Online consultations with Dr. Lokchiri are suitable for many situations when someone needs quick medical guidance, reassurance or a clear next step. Common reasons for booking include:

  • fever, chills, fatigue and viral symptoms
  • cough, sore throat, nasal congestion, breathing discomfort
  • bronchitis and mild asthma flare-ups
  • nausea, diarrhoea, abdominal pain, digestive infections
  • rashes, allergic reactions, redness, insect bites
  • muscle or joint pain, mild injuries, sprains
  • headache, dizziness, migraine symptoms
  • stress-related symptoms, sleep disturbances
  • questions about test results and treatment plans
  • management of chronic conditions in stable phases
Many patients reach out when symptoms appear suddenly and cause concern, when a child becomes unwell unexpectedly, when a rash changes or spreads, or when it’s unclear whether an in-person examination is necessary. His emergency medicine background is particularly valuable online, helping patients understand risk levels, identify warning signs and choose safe next steps.

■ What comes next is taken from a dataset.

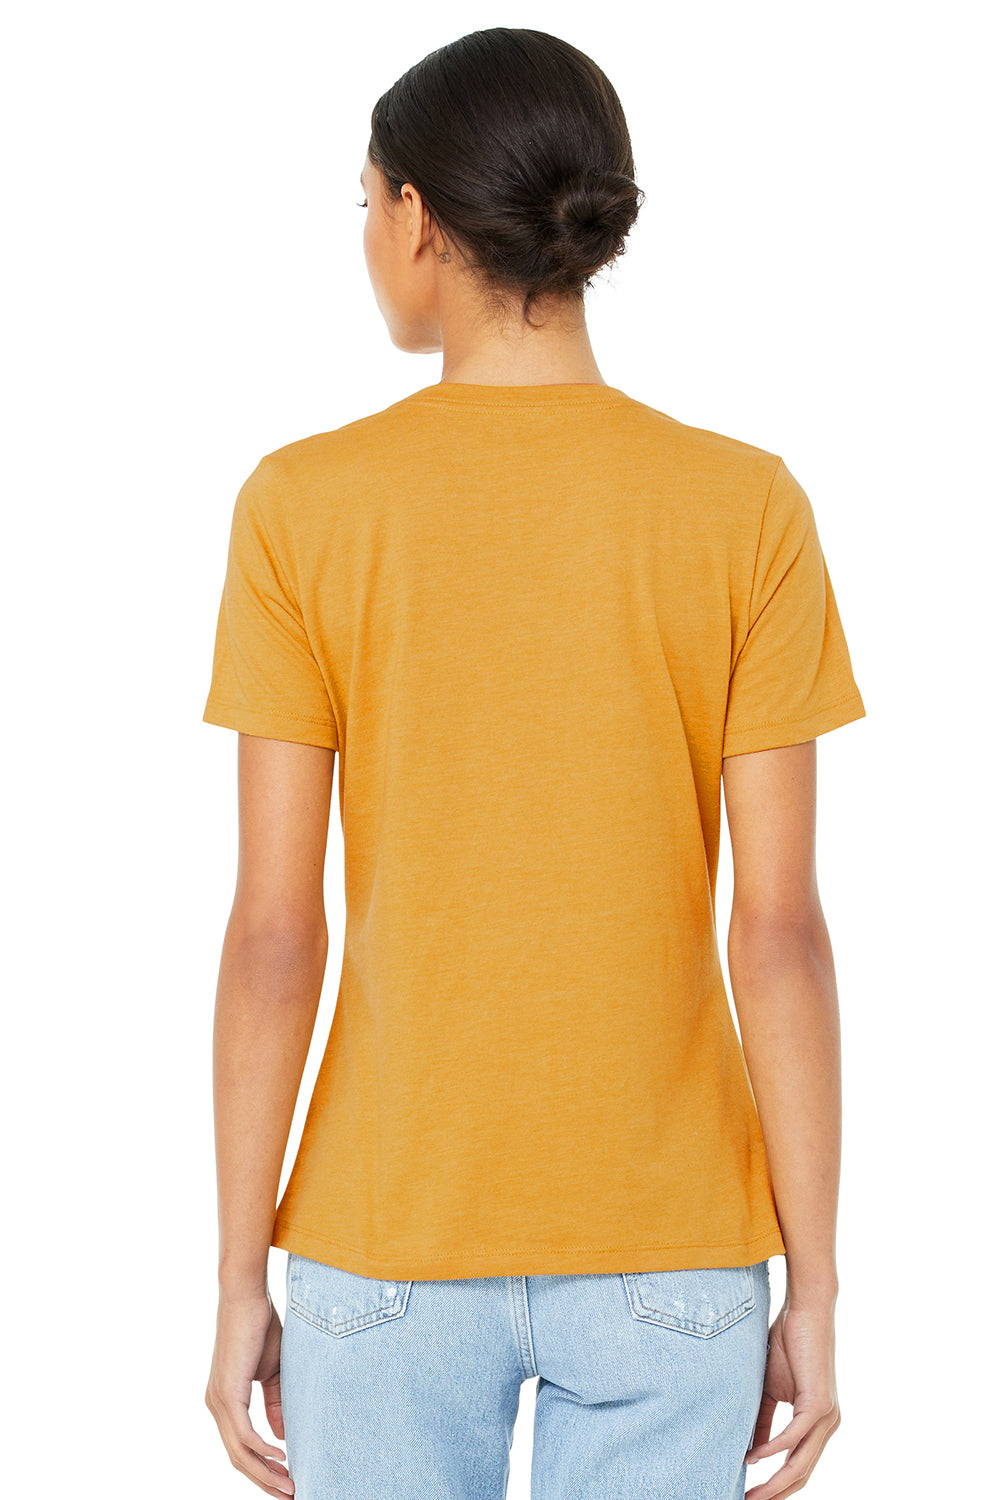 Bella + Canvas BC6400/B6400/6400 Womens Relaxed Jersey Short Sleeve Crewneck T-Shirt Mustard Yellow Model Back

Some situations are not suitable for online care. If a patient has loss of consciousness, severe chest pain, uncontrolled bleeding, seizures, major trauma or symptoms suggesting a stroke or heart attack, he will advise seeking immediate local emergency services. This improves safety and ensures patients receive the right level of care.

Dr. Lokchiri’s professional training includes:

  • Advanced Trauma Life Support (ATLS)
  • Basic and Advanced Cardiac Life Support (BLS/ACLS)
  • Pediatric Advanced Life Support (PALS)
  • Prehospital Trauma Life Support (PHTLS)
  • eFAST and critical care transthoracic echocardiography
  • aviation medicine
He is an active member of several professional organisations, including the French Society of Emergency Medicine (SFMU), the French Association for Emergency Physicians (AMUF) and the Swiss Society of Emergency and Rescue Medicine (SGNOR). In consultations, he works with clarity and precision, helping patients understand their symptoms, possible risks and the safest treatment options.